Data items

*** Block opens ***

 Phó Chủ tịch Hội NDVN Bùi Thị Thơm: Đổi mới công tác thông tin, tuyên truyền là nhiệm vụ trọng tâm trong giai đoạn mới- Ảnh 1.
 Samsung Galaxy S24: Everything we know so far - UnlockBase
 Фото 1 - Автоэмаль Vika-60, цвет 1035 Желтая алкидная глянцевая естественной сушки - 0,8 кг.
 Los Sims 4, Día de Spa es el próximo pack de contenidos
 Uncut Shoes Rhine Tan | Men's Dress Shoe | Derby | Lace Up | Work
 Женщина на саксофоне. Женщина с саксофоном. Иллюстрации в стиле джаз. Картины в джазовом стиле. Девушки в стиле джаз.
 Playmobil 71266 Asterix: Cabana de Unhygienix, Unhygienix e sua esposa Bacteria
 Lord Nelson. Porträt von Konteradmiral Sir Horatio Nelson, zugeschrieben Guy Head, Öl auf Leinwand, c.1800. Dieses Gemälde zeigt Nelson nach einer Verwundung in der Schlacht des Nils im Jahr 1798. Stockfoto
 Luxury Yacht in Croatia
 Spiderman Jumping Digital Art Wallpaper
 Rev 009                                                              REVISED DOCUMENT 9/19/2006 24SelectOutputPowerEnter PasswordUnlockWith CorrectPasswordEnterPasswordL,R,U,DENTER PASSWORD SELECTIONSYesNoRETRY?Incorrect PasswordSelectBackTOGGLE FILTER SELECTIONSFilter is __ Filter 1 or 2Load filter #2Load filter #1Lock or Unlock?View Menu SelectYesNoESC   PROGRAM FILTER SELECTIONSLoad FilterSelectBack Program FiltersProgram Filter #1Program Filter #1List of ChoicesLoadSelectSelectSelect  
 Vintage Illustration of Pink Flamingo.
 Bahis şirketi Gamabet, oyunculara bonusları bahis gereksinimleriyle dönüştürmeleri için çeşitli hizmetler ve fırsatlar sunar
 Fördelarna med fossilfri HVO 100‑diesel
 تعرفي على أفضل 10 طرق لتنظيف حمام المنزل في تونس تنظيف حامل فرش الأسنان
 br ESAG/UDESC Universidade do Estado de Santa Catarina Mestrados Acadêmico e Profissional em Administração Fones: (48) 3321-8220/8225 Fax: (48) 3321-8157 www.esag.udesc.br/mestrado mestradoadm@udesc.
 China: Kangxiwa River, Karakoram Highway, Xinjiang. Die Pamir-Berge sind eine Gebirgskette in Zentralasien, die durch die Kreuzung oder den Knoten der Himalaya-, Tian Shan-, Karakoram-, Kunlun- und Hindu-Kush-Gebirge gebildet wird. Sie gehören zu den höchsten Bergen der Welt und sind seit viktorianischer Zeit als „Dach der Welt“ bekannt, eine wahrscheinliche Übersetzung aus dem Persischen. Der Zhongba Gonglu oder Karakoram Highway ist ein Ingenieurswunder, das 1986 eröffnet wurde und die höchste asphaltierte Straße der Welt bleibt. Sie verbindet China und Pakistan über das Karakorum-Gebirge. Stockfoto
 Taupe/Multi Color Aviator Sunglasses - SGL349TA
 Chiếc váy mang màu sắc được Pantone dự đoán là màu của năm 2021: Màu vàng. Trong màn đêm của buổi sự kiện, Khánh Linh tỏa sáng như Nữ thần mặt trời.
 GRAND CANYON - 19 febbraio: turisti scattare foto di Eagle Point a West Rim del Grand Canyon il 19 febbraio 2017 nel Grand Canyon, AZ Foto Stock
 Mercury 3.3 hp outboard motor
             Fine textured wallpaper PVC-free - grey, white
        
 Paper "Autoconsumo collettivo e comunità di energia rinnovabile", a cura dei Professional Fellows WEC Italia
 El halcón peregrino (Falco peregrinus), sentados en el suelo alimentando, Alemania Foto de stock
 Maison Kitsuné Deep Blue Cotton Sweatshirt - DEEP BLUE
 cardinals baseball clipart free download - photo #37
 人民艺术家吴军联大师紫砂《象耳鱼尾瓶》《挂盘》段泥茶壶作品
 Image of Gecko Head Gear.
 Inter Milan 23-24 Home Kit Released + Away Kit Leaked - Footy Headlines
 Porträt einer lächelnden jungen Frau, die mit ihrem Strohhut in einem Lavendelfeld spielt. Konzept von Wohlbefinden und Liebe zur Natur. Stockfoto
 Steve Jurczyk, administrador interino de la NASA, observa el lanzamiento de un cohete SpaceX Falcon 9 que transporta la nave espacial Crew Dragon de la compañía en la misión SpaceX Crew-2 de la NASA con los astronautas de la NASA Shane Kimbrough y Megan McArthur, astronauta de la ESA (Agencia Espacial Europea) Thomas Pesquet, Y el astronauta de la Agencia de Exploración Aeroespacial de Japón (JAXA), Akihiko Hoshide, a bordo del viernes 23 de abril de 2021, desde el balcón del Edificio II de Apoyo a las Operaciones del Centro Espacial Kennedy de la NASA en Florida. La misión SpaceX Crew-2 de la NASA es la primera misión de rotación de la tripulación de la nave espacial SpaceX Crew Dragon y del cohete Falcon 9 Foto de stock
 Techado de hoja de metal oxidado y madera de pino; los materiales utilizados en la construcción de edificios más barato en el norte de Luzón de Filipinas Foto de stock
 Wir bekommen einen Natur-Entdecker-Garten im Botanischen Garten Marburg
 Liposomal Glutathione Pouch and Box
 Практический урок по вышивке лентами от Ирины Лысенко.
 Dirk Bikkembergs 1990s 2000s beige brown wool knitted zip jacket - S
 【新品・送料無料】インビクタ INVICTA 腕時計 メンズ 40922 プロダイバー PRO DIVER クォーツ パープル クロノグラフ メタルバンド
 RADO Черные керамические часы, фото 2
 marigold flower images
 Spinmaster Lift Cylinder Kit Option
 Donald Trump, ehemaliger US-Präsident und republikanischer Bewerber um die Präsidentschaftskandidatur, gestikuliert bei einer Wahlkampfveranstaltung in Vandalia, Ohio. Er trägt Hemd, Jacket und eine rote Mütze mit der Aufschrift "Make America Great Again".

*** Block closes ***

§ Instructions to follow
Each line from the one with "Fellows WEC Italia" through the last line of the records above must be retyped exactly, and no other line may be given.

§ Problem solution
 Paper "Autoconsumo collettivo e comunità di energia rinnovabile", a cura dei Professional Fellows WEC Italia
 El halcón peregrino (Falco peregrinus), sentados en el suelo alimentando, Alemania Foto de stock
 Maison Kitsuné Deep Blue Cotton Sweatshirt - DEEP BLUE
 cardinals baseball clipart free download - photo #37
 人民艺术家吴军联大师紫砂《象耳鱼尾瓶》《挂盘》段泥茶壶作品
 Image of Gecko Head Gear.
 Inter Milan 23-24 Home Kit Released + Away Kit Leaked - Footy Headlines
 Porträt einer lächelnden jungen Frau, die mit ihrem Strohhut in einem Lavendelfeld spielt. Konzept von Wohlbefinden und Liebe zur Natur. Stockfoto
 Steve Jurczyk, administrador interino de la NASA, observa el lanzamiento de un cohete SpaceX Falcon 9 que transporta la nave espacial Crew Dragon de la compañía en la misión SpaceX Crew-2 de la NASA con los astronautas de la NASA Shane Kimbrough y Megan McArthur, astronauta de la ESA (Agencia Espacial Europea) Thomas Pesquet, Y el astronauta de la Agencia de Exploración Aeroespacial de Japón (JAXA), Akihiko Hoshide, a bordo del viernes 23 de abril de 2021, desde el balcón del Edificio II de Apoyo a las Operaciones del Centro Espacial Kennedy de la NASA en Florida. La misión SpaceX Crew-2 de la NASA es la primera misión de rotación de la tripulación de la nave espacial SpaceX Crew Dragon y del cohete Falcon 9 Foto de stock
 Techado de hoja de metal oxidado y madera de pino; los materiales utilizados en la construcción de edificios más barato en el norte de Luzón de Filipinas Foto de stock
 Wir bekommen einen Natur-Entdecker-Garten im Botanischen Garten Marburg
 Liposomal Glutathione Pouch and Box
 Практический урок по вышивке лентами от Ирины Лысенко.
 Dirk Bikkembergs 1990s 2000s beige brown wool knitted zip jacket - S
 【新品・送料無料】インビクタ INVICTA 腕時計 メンズ 40922 プロダイバー PRO DIVER クォーツ パープル クロノグラフ メタルバンド
 RADO Черные керамические часы, фото 2
 marigold flower images
 Spinmaster Lift Cylinder Kit Option
 Donald Trump, ehemaliger US-Präsident und republikanischer Bewerber um die Präsidentschaftskandidatur, gestikuliert bei einer Wahlkampfveranstaltung in Vandalia, Ohio. Er trägt Hemd, Jacket und eine rote Mütze mit der Aufschrift "Make America Great Again".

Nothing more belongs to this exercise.